Fifty more seconds, and a perfectly manicured, light brown index finger appeared, unlatching the chain. Tracie stood before her then, arms crossed over the white tank top she wore, covered in dust; long legs clad in the shortest of khaki shorts. She regarded Idina sourly. She turned on her heel and walked into her apartment, not saying a word.
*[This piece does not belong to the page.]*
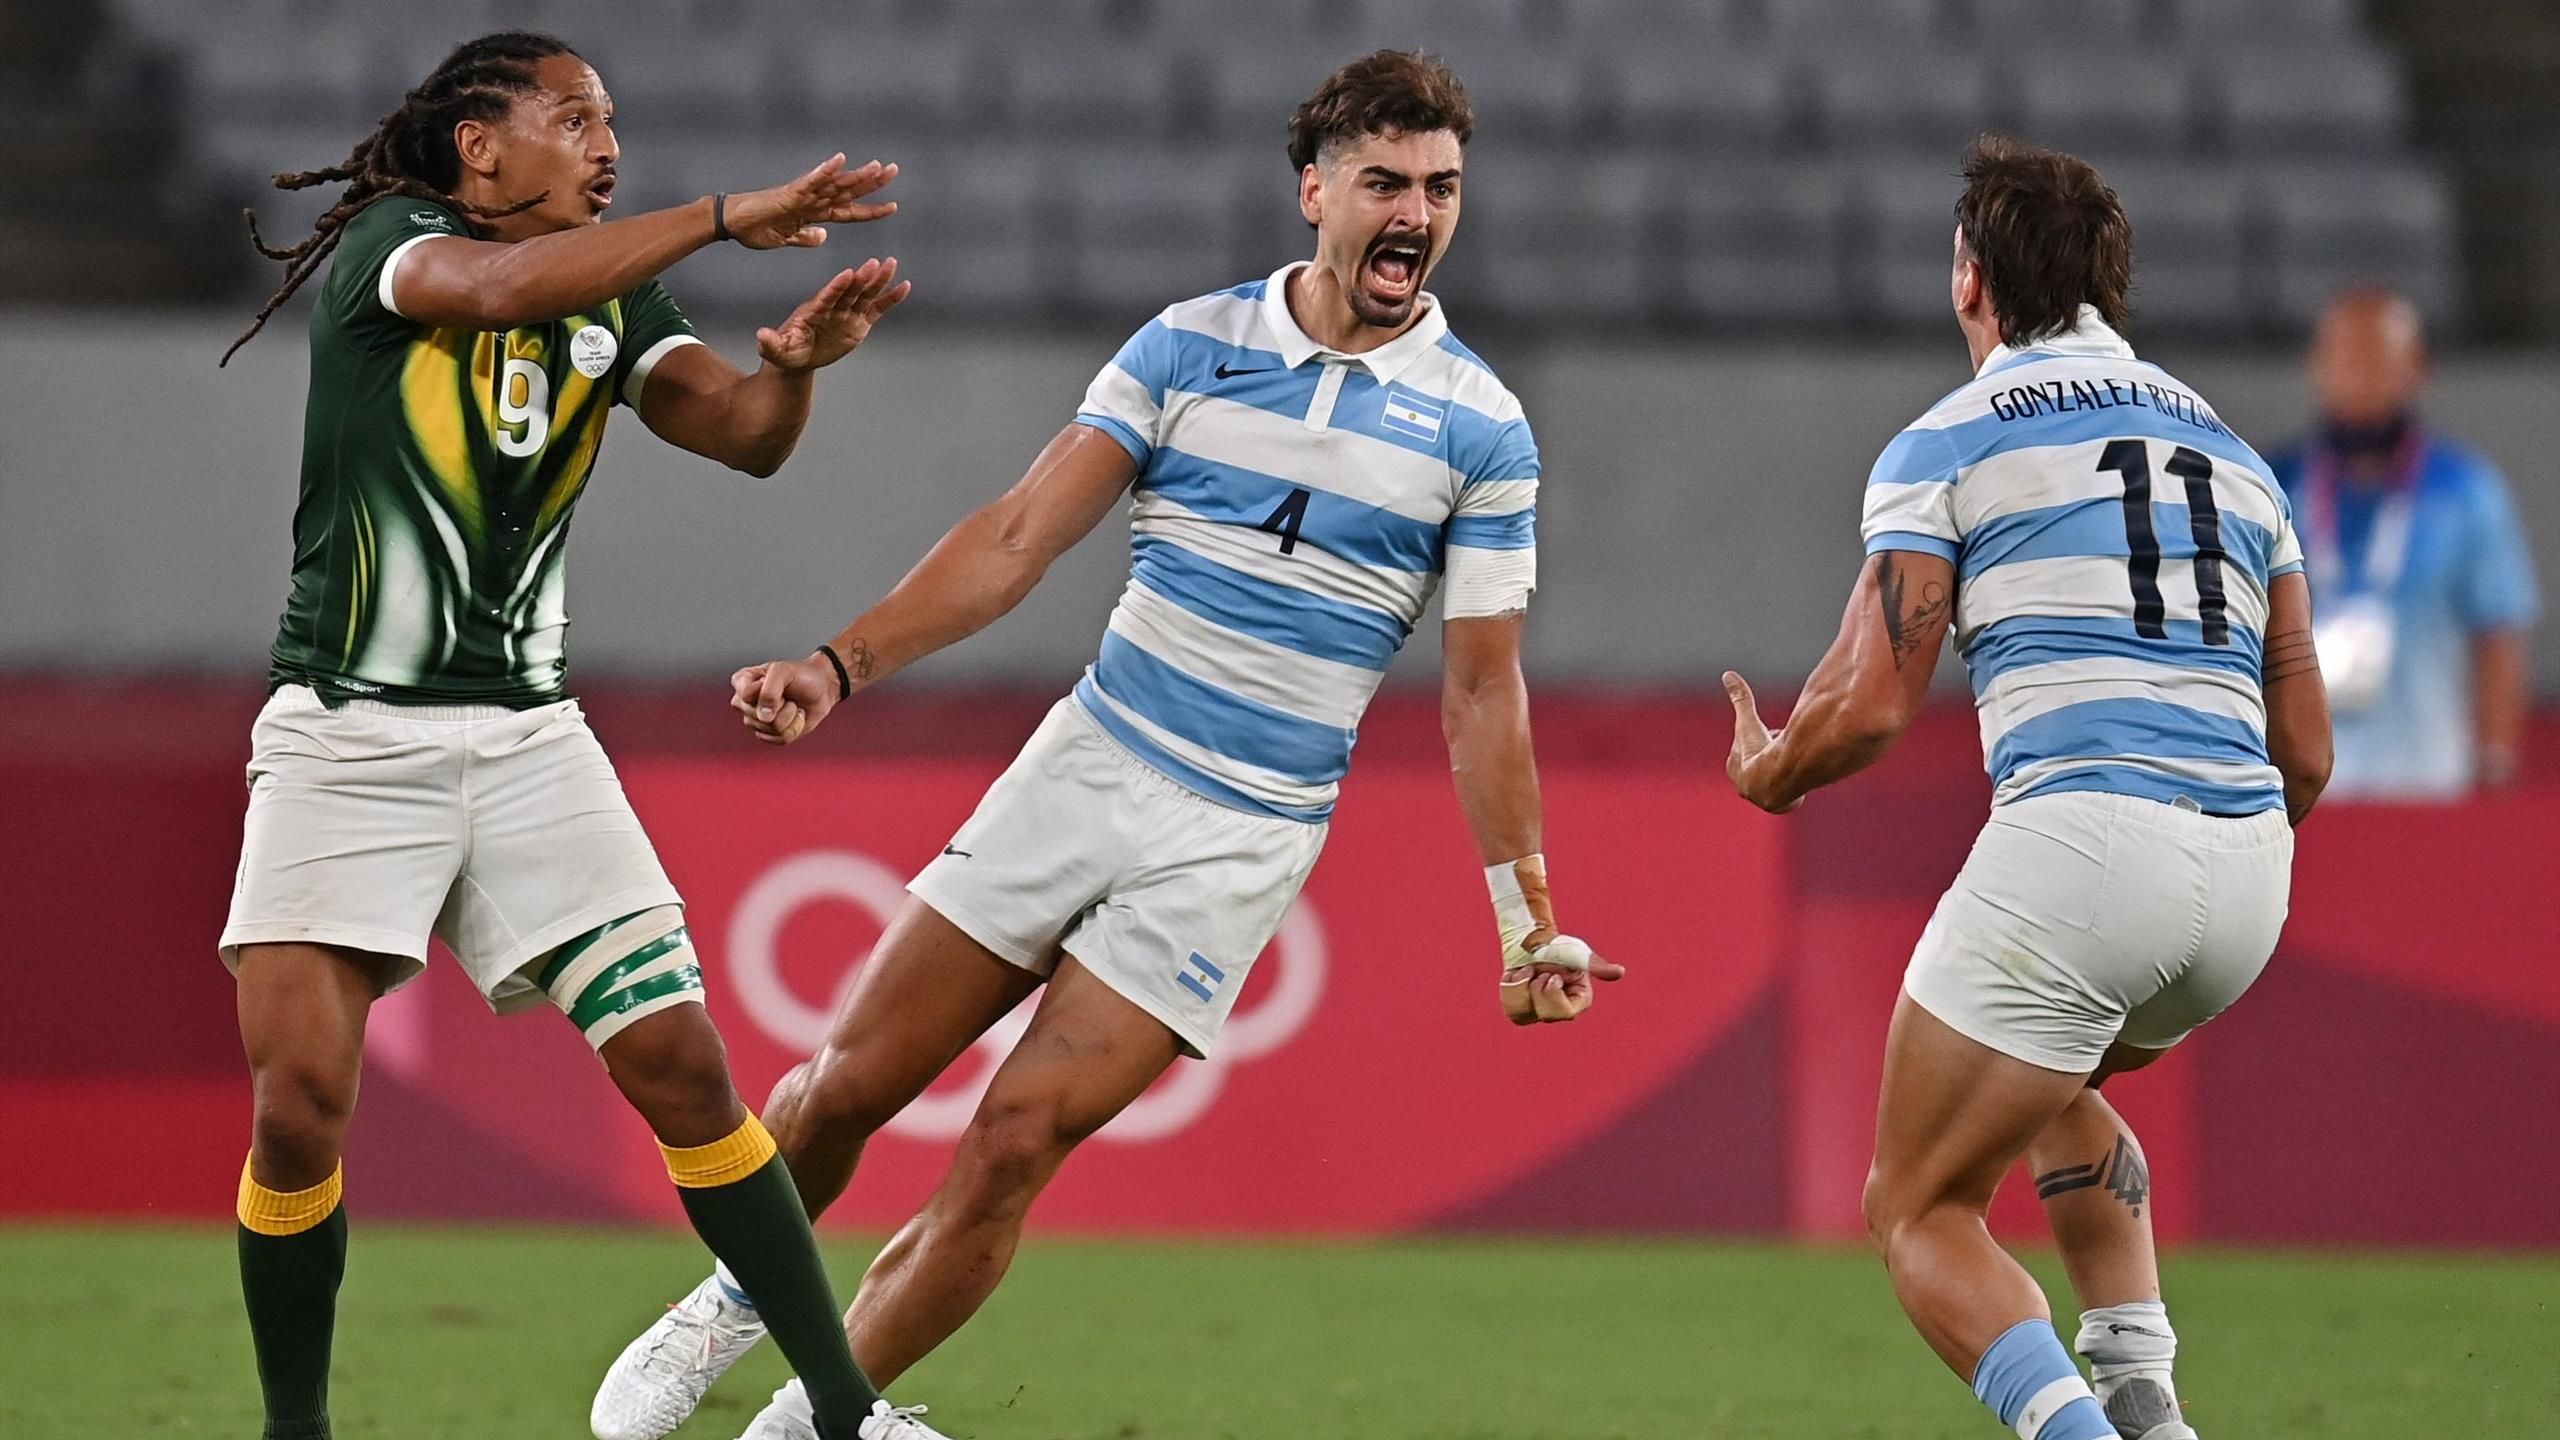 South Africa 7s vs France 7s Prediction, Betting Tips & Odds │03 MARCH, 2023
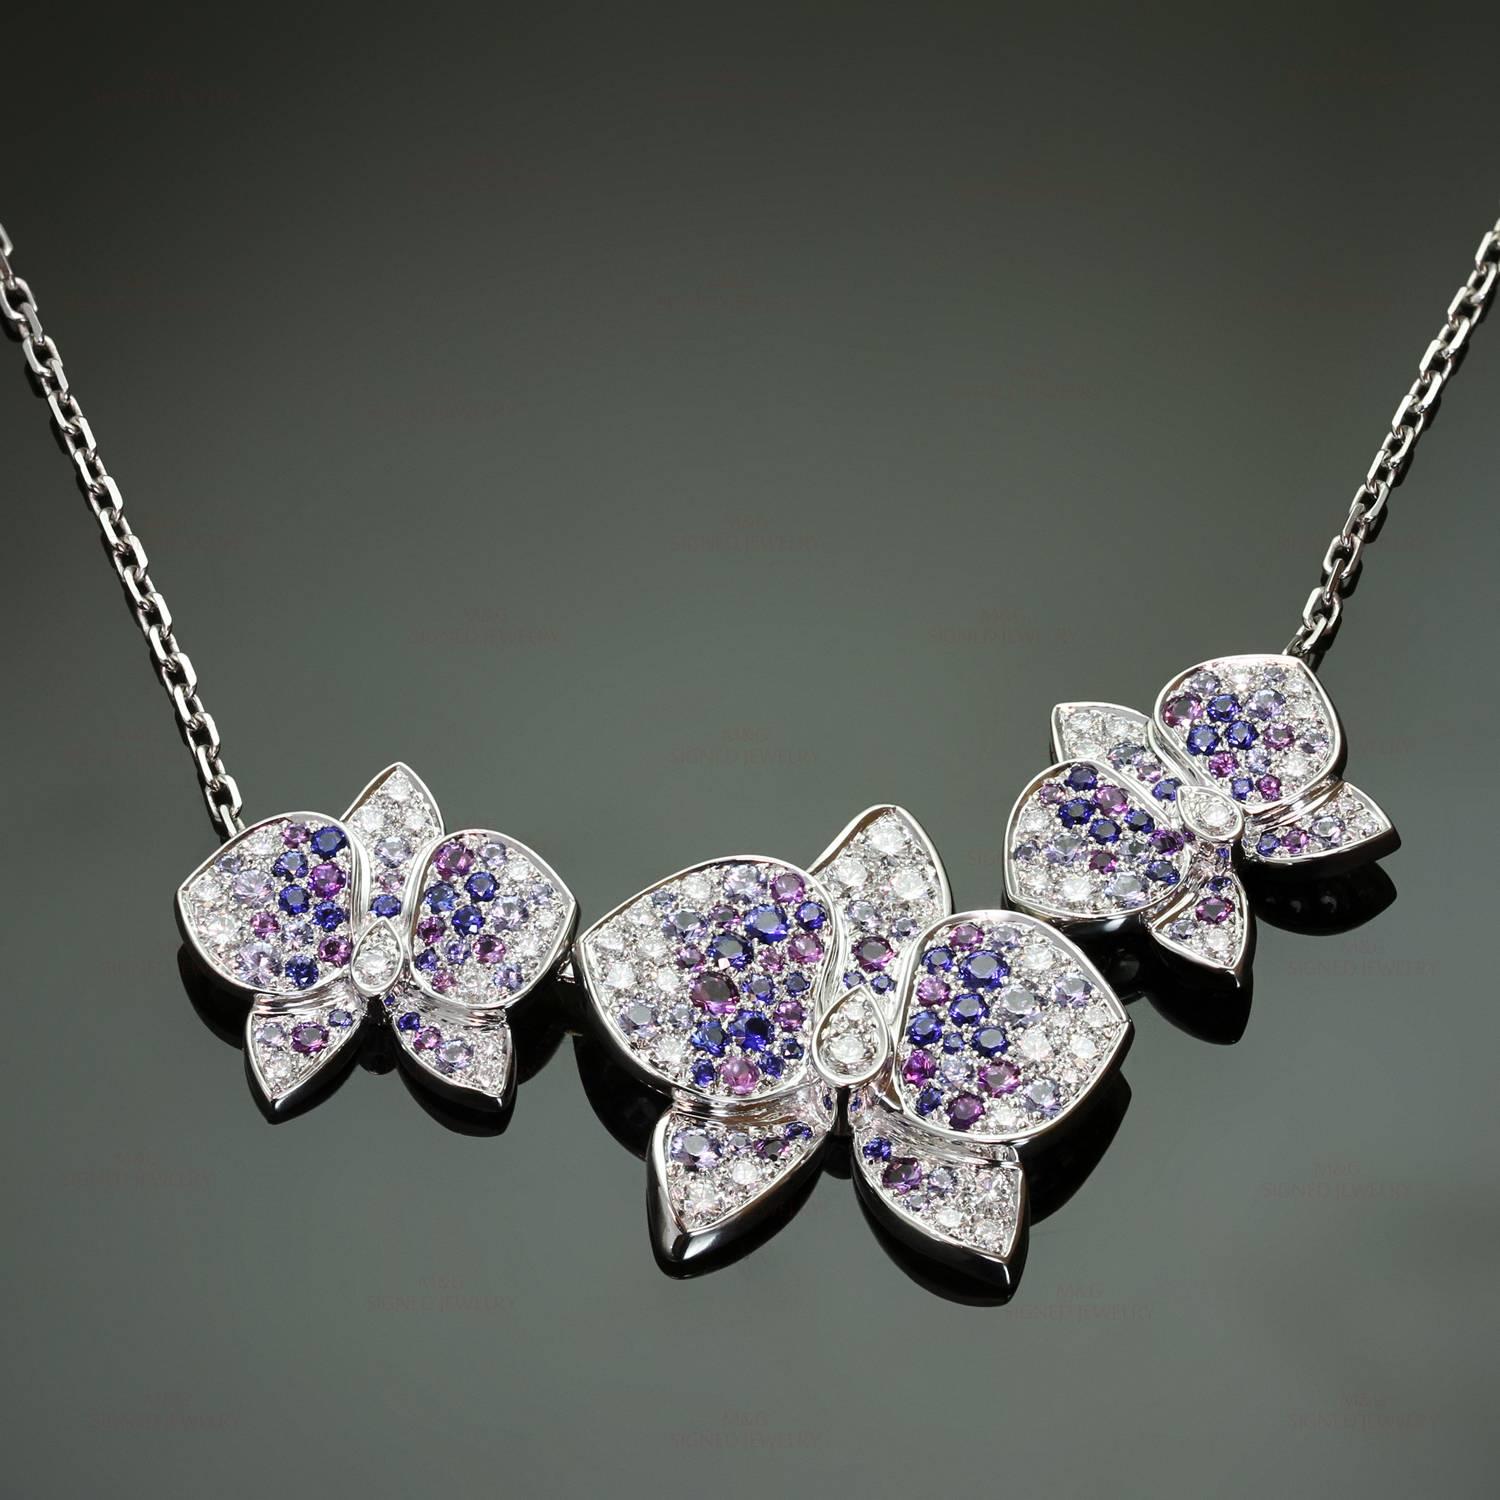 This magnificent necklace from the stunning Caresse D'Orchidees collection is crafted in 18k white gold and completed with a sparkling orchid-shaped pendant set with brilliant-cut diamonds, amethysts, and sapphires. Made in France circa 2010s.

Idina followed her. The place was virtually empty except for one easy chair and a television so old that it had rabbit ears. Boxes were stacked against the wall practically as high as the ceiling; shades that had come with the apartment were drawn and the only light came from a single lightbulb dangling in the kitchen, casting the living room into eerie shadows.

“I’m not going to ask if you’re glad to see me.”

She had meant it to be a joke, but one look from Tracie and Idina regretted that it had ever passed through her lips. Tracie was struggling mightily to keep her lower lip from trembling, and Idina was struggling even mightier to keep from running her fingertip along it. Instead she busied herself with picking up some magazines left on the floor and went towards an open box.

“Don’t touch those!” Tracie went to snatch them from her hands, but not before Idina had seen her own face staring back at her from the glossy pages. All magazines in which she had been featured, for Wicked or Rent, all magazines that were opened to her pictures, all magazines in which the pictures were creased and greasy with fingerprints, or ink-smeared with… what? Tears? She gave them to Tracie, meeting the woman’s brown eyes with her own.

Tracie growled something unintelligible low in her throat, and then sat in the easy chair. “What,” she asked again, “the hell are you doing here, Idina?” But she couldn’t stop her gaze from roving over Idina’s body, from the way the red dress clung to her every curve to the way the brown curls fell about the most tender part of her neck - the part that used to drive her wild when Tracie would kiss and touch her there.

“I had to see you again,” Idina confessed with a shrug. “I didn’t want you to leave without…”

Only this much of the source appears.